Now we can move back to \( P \) again and ignore its neighborhood. At \( P \), all those \( {g^{\alpha \beta}}_{, \mu} \) and \( g_{\alpha \beta, \mu} \) terms vanish and we have
\[ {\Gamma^\alpha}_{\mu \nu, \sigma \tau} = \frac{1}{2} g^{\alpha \beta} (g_{\beta \mu, \nu \sigma \tau} + g_{\beta \nu, \mu \sigma \tau} - g_{\mu \nu, \beta \sigma \tau}), \]
which happens to be the same as what we would have got by (incorrectly) directly differentiating Eq. (6.64).
The rest is in exactly the same fashion as the derivation from Eq. (6.64) to Eq. (6.68).
Establish Eq. (6.89) from Eq. (6.88).
Trivial. Just list all 12 terms and let them cancel each other.
Prove that the Ricci tensor is the only independent contraction of \( {R^\alpha}_{\beta \mu \nu} \): all others are multiples of it.
Since \( {R^\alpha}_{\beta \mu \nu} \) is anti-symmetric on \( \mu \) and \( \nu \), \( {R^\mu}_{\alpha \beta \mu} = -{R^\mu}_{\alpha \mu \beta} = -R_{\alpha \beta} \).
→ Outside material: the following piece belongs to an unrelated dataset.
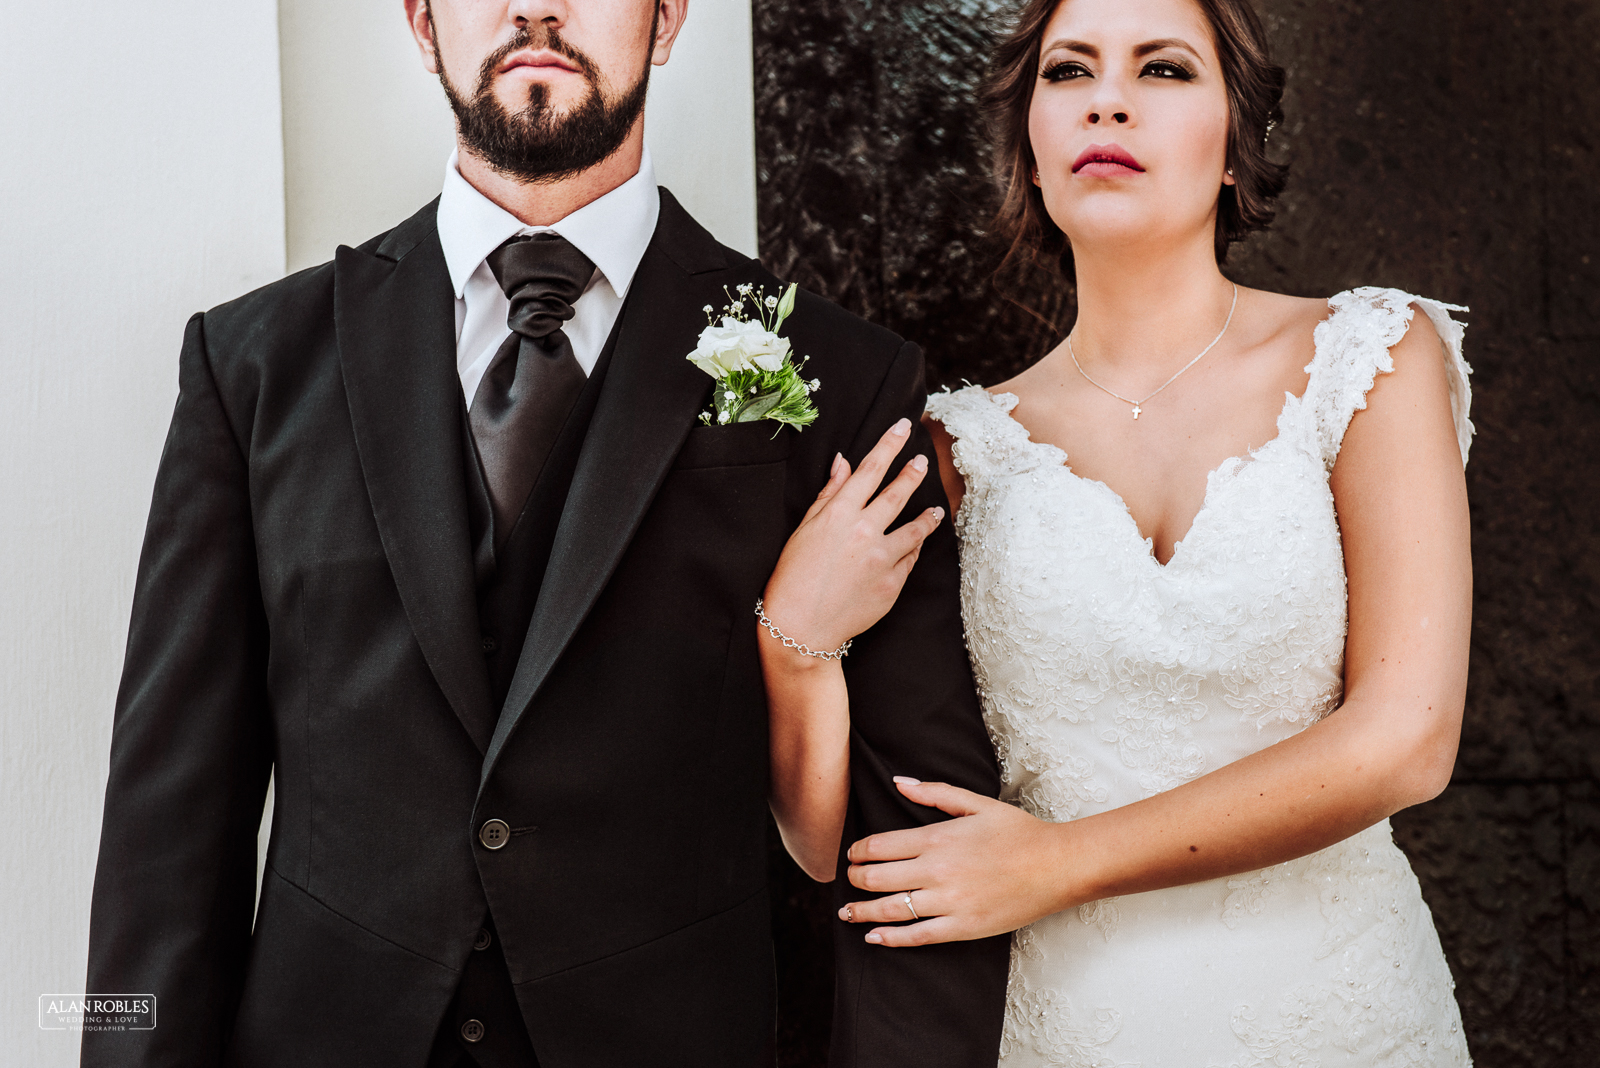 Fotografo de bodas Alan Robles-Boda en Guadalajara Real San Javier-38
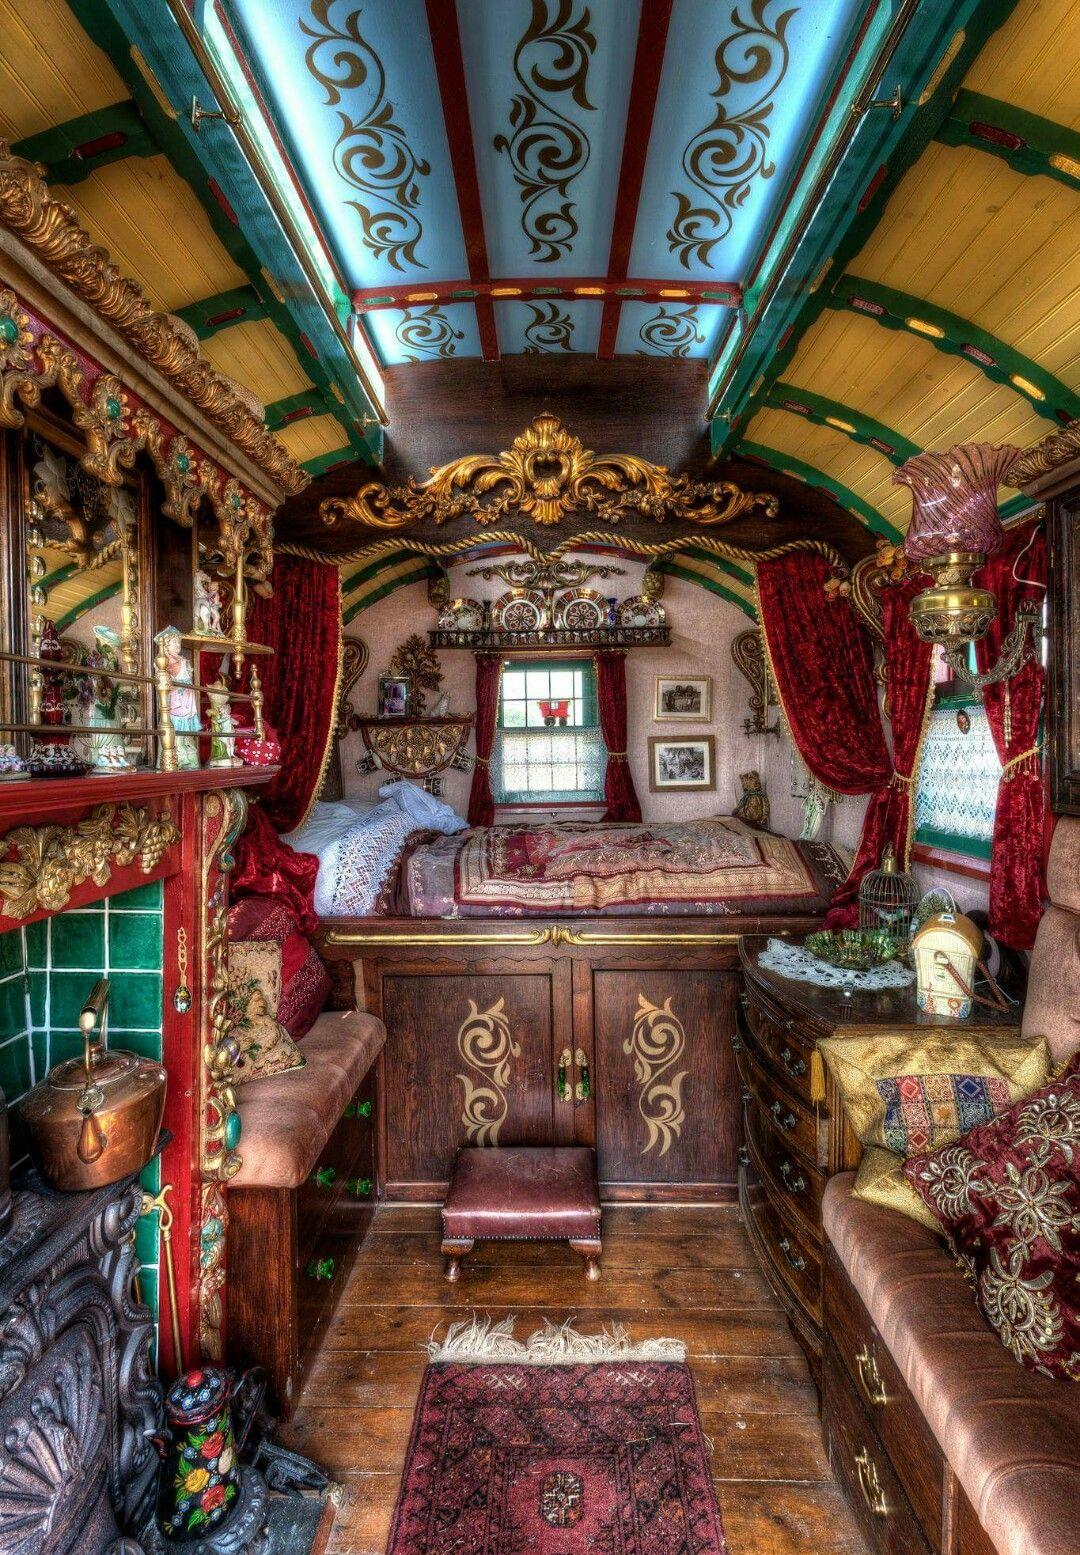 Inside gypsy caravan, Faerie magazine | Magical and ...

Also, \( {R^\mu}_{\mu \alpha \beta} = g^{\mu \sigma} R_{\sigma \mu \alpha \beta} = - g^{\mu \sigma} R_{\mu \sigma \alpha \beta} = -{R^\sigma}_{\sigma \alpha \beta} \), and therefore \( {R^\mu}_{\mu \alpha \beta} = 0 \).
The other ones can be derived similarly.
Show that the Ricci tensor is symmetric.
\( R_{\beta \alpha} = {R^\mu}_{\beta \mu \alpha} = g^{\mu \sigma} R_{\sigma \beta \mu \alpha} = g^{\mu \sigma} R_{\mu \alpha \sigma \beta} = {R^\sigma}_{\alpha \sigma \beta} = R_{\alpha \beta} \).
Use Exer. 17(a) to prove Eq. (6.94).
In locally inertial coordinates, \( {g^{\alpha \beta}}_{; \mu} = {g^{\alpha \beta}}_{, \mu} = 0 \) and this is a tensor equation.
Fill in the algebra necessary to establish Eqs. (6.95), (6.97), and (6.99).
In Eq. (6.95), the first equality is due to the anti-symmetry of \( R_{\alpha \beta \lambda \mu} \) on \( \lambda \) and \( \mu \), and the second is due to the fact that \( {g^{\alpha \mu}}_{; \nu} = 0 \).
To derive Eq. (6.97) from Eq. (6.96), the key is to show that \( R_{; \lambda} = ({\delta^\mu}_\lambda R)_{; \mu} \). One way is to notice that \( {\delta^\mu}_\lambda = {g^\mu}_\lambda \) is a tensor and \( {g^\mu}_{\lambda ; \sigma} = 0 \), and another way is to simply list all possibilities of \( \mu \).
The equlivalence between Eq. (6.97) and Eq. (6.99) can be established as follows.
\[ \begin{eqnarray} && (2 {R^\mu}_\lambda - {\delta^\mu}_\lambda R)_{; \mu} = 0 \\ &\iff& ({R^\beta}_\sigma - \frac{1}{2} {\delta^\beta}_\sigma R)_{; \beta} = 0 \\ &\iff& g^{\alpha \sigma} ({R^\beta}_\sigma - \frac{1}{2} {\delta^\beta}_\sigma R)_{; \beta} = 0 \\ &\iff& (R^{\beta \alpha} - \frac{1}{2} g^{\beta \alpha} R)_{; \beta} = 0 \\ &\iff& {G^{\beta \alpha}}_{; \beta} = 0 \\ &\iff& {G^{\alpha \beta}}_{; \beta} = 0 \end{eqnarray} \]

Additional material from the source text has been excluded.